Людмила протянула ему телеграмму, ничего не понимая и начиная уже опасаться, нет ли тут ловушки; но если этот нервный господин Лангмайер мало соответствовал её представлению о подпольщике, то и на гестаповца, пожалуй, он походил ещё меньше.
Старик прочитал телеграмму, скомкал и сунул в печку.
— Садитесь, — разрешил он. — Садитесь и грейтесь. Пальто можете не снимать, все равно собачий холод. И если позволите, я бы хотел видеть ваши документы…
Людмила раскрыла чемоданчик и протянула Лангмайеру конверт со своими бумагами.
— Садитесь же, — повторил тот, изучая её удостоверение личности. — Так, так… Гертруда Юргенс, стало быть. Марта! Марта! — закричал он пронзительным голосом.
Появилась та же закутанная старушка.
— Знакомьтесь, — сказал хозяин, — моя экономка, фрау Марта…
— Очень рада, — сказала Людмила.
Экономка что-то пробормотала, бросив на гостью неодобрительный взгляд.
— Марта, молодой даме надо согреться. В доме есть спиртное?
— Вы, видать, совсем уже спятили, — ответила фрау Марта.
— Так. А бульонных кубиков не осталось?
— Кубики есть.
— Тогда не откажите приготовить чашку горячего бульона.
Экономка поджала губы.
— Там их всего пять штук, — заявила она непреклонно.
— Спасибо, но я совершенно не голодна, — торопливо сказала Людмила, чувствуя, что краснеет. — И я даже не замерзла совсем, в машине было так тепло…
— Вас не спрашивают! А вы делайте, что приказано, старая вы зловредная ведьма! Хотите, чтобы у меня опять подскочило давление?
Экономка, ворча, удалилась.
— Раньше таких жгли на кострах, ко всеобщему удовольствию, — заметил Лангмайер. — Совершенно книжный персонаж… из «Malleus Maleficarum»{26}… Так вот что, уважаемая! Хочу объяснить ситуацию: я в ваших делах никакого участия не принимаю, но жилище мое, увы, давно превратилось в дом свиданий. То и дело кто-то приезжает, день и ночь таскаются всякие темные личности… ваши «товарищи», надо думать, — добавил он с ехидством. — Вот и вы теперь.
— Я могу уйти, — Людмила пожала плечами. Куда её, в самом деле, прислали? Старик явно помешан.
— Сидите уж, раз явились. Сколько вам лет?
— Двадцать один, как и по документам.
— Да, да… Солидный возраст, солидный и, главное, вполне разумный. Но ничего, уважаемая, не огорчайтесь, некая Жанна была моложе.
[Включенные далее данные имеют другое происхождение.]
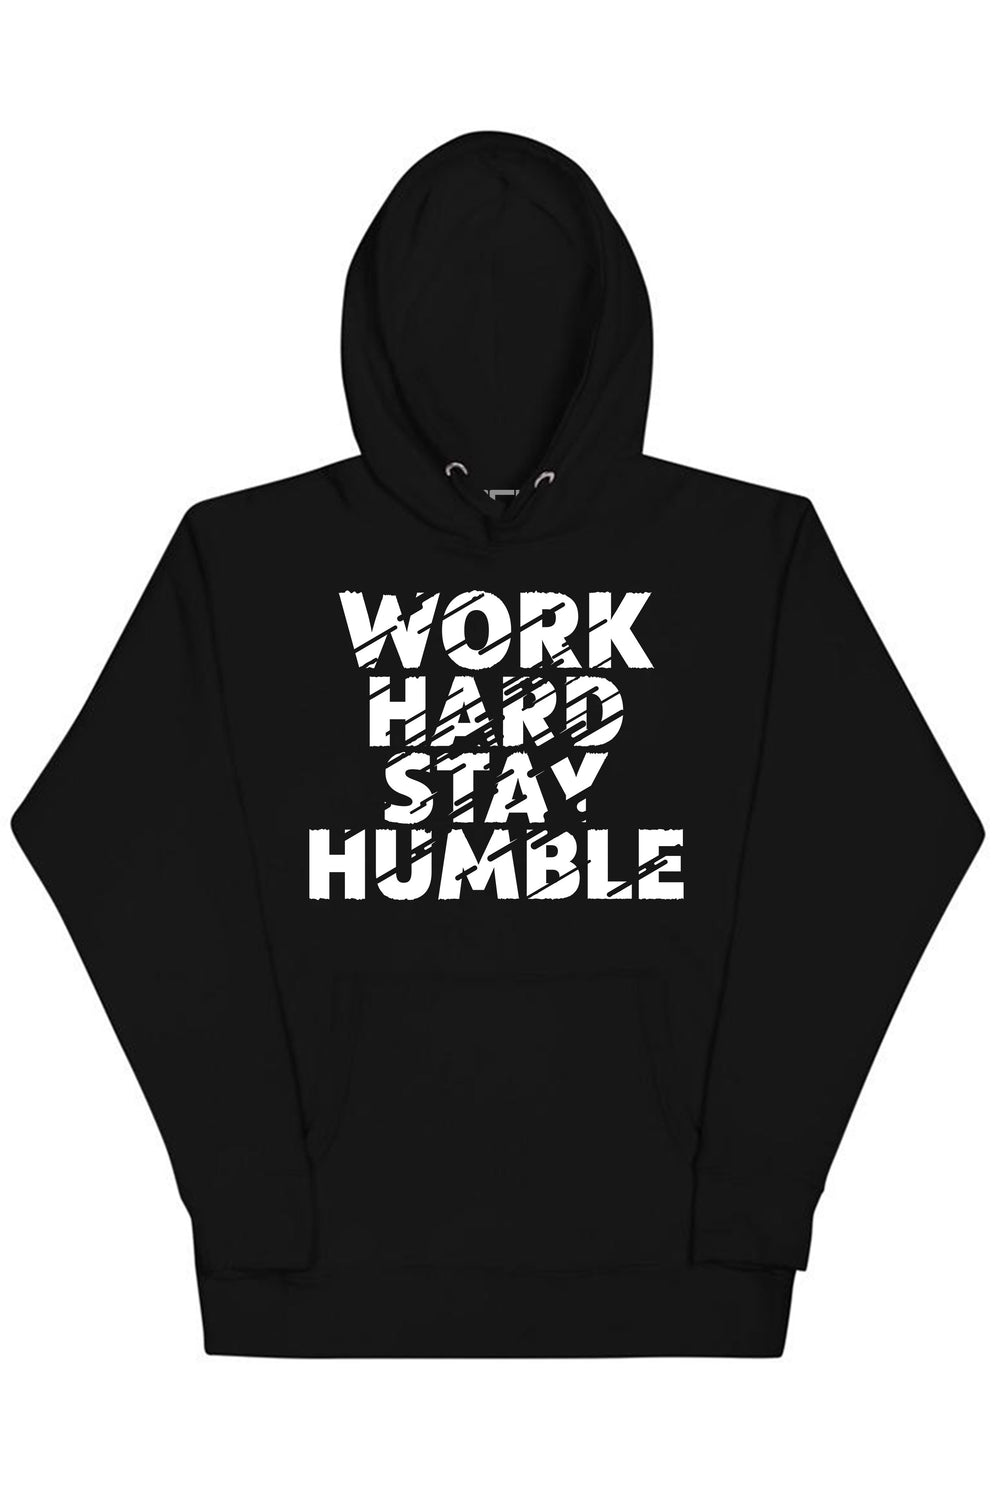 Work Hard Stay Humble Hoodie (White Logo) - Zamage

Это просто ассоциация, не примите за намек — только что упомянули о кострах… Ваш Роберт явится завтра. Зачем вы ему понадобились?
— Я сама ещё не знаю, господин Лангмайер.
— Ничего, узнаете. Уж они для вас что-нибудь придумают! А на Марту не обращайте внимания, поворчит и перестанет. Только не забудьте, прошу вас, отдать ей завтра свои карточки — она будет выстригать по мере надобности. Неизвестно ведь, сколько вы здесь пробудете.
— О, простите, я не сообразила, сейчас отдам…
— Неважно, это не к спеху. Сейчас она принесет ваш бульон, выпейте и отправляйтесь спать. В комнате не топят, но Марта снабдит вас периной.
— Пожалуйста, не беспокойтесь обо мне, господин Лангмайер, я не замерзну. Вы слушаете Лондон? — спросила она, увидев на каминной полке маленький приемник.
— А что мне прикажете слушать — Берлин?
— Нет, я только хотела спросить, какие новости. В Мариендорфе у меня не было возможности слушать радио, а газеты…
— Что конкретно вас интересует?
— Ну, например — где сейчас Восточный фронт.
— Восточный, вы сказали? Восточный фронт, уважаемая, уже на Одере — под Бреслау и Франкфуртом, на севере он под Кенигсбергом, на юге — в Будапеште. Такова общая картина. Что еще? Рузвельт и Черчилль прибыли в Крым, на конференцию «большой тройки». Это, пожалуй, главная новость. Любопытно, до чего они там договорятся… Под Бреслау, кстати, Одер русские уже перешли — создали плацдарм на левом берегу. Да что Одер! Жуков и на Изаре будет раньше Эйзенхауэра, да смилуется над всеми нами господь бог…
Утром, когда она проснулась, за окном шел мокрый снег, в комнате было очень холодно и пахло нежилой сыростью. Людмила повернула голову — на выцветших обоях висела дешевая репродукция Сикстинской Мадонны, ниже было прикреплено распятие с чашечкой для святой воды и заткнутой за него веточкой букса. Людмила не отрываясь смотрела на литографию и вспоминала посещение картинной галереи с профессором в мае или июне сорок второго года. Он долго рассказывал ей тогда про эту картину, она мало что поняла — было много незнакомых выражений, специальных терминов…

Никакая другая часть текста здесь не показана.